REQUIRED ACTION: Write out again, exactly, the lines of the listing below from the first one through the one that contains "PRO Series Retractable", and no other lines.

SUPPLIED RECORDS:
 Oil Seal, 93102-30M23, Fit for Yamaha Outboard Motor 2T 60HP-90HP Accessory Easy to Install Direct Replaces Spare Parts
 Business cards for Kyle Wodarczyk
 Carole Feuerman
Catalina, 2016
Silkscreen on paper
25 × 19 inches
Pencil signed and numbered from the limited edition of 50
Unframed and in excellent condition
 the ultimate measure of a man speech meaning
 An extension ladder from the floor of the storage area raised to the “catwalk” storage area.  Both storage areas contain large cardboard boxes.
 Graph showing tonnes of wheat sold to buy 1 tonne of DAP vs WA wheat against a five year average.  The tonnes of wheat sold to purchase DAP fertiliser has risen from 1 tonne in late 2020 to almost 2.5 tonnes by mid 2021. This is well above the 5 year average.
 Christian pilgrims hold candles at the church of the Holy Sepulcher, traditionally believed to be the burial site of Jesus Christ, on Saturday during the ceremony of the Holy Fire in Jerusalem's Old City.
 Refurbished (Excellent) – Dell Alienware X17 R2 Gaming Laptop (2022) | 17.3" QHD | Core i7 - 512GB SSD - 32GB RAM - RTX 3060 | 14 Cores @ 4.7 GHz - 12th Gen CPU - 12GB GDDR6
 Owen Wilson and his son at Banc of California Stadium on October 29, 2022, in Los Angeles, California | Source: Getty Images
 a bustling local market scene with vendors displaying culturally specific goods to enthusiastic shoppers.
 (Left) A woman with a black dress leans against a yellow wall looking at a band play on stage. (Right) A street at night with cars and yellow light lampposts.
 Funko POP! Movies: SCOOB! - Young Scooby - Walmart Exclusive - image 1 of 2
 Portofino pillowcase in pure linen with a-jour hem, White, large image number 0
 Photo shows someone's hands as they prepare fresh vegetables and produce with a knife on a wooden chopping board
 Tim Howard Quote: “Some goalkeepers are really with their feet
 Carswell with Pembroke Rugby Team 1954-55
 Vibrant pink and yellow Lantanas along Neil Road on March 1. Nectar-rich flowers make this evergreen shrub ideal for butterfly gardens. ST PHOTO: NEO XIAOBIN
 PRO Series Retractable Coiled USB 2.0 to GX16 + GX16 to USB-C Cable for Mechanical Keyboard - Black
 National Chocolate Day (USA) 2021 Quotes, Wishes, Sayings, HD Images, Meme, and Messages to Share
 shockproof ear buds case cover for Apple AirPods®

PROBLEM SOLUTION:
 Oil Seal, 93102-30M23, Fit for Yamaha Outboard Motor 2T 60HP-90HP Accessory Easy to Install Direct Replaces Spare Parts
 Business cards for Kyle Wodarczyk
 Carole Feuerman
Catalina, 2016
Silkscreen on paper
25 × 19 inches
Pencil signed and numbered from the limited edition of 50
Unframed and in excellent condition
 the ultimate measure of a man speech meaning
 An extension ladder from the floor of the storage area raised to the “catwalk” storage area.  Both storage areas contain large cardboard boxes.
 Graph showing tonnes of wheat sold to buy 1 tonne of DAP vs WA wheat against a five year average.  The tonnes of wheat sold to purchase DAP fertiliser has risen from 1 tonne in late 2020 to almost 2.5 tonnes by mid 2021. This is well above the 5 year average.
 Christian pilgrims hold candles at the church of the Holy Sepulcher, traditionally believed to be the burial site of Jesus Christ, on Saturday during the ceremony of the Holy Fire in Jerusalem's Old City.
 Refurbished (Excellent) – Dell Alienware X17 R2 Gaming Laptop (2022) | 17.3" QHD | Core i7 - 512GB SSD - 32GB RAM - RTX 3060 | 14 Cores @ 4.7 GHz - 12th Gen CPU - 12GB GDDR6
 Owen Wilson and his son at Banc of California Stadium on October 29, 2022, in Los Angeles, California | Source: Getty Images
 a bustling local market scene with vendors displaying culturally specific goods to enthusiastic shoppers.
 (Left) A woman with a black dress leans against a yellow wall looking at a band play on stage. (Right) A street at night with cars and yellow light lampposts.
 Funko POP! Movies: SCOOB! - Young Scooby - Walmart Exclusive - image 1 of 2
 Portofino pillowcase in pure linen with a-jour hem, White, large image number 0
 Photo shows someone's hands as they prepare fresh vegetables and produce with a knife on a wooden chopping board
 Tim Howard Quote: “Some goalkeepers are really with their feet
 Carswell with Pembroke Rugby Team 1954-55
 Vibrant pink and yellow Lantanas along Neil Road on March 1. Nectar-rich flowers make this evergreen shrub ideal for butterfly gardens. ST PHOTO: NEO XIAOBIN
 PRO Series Retractable Coiled USB 2.0 to GX16 + GX16 to USB-C Cable for Mechanical Keyboard - Black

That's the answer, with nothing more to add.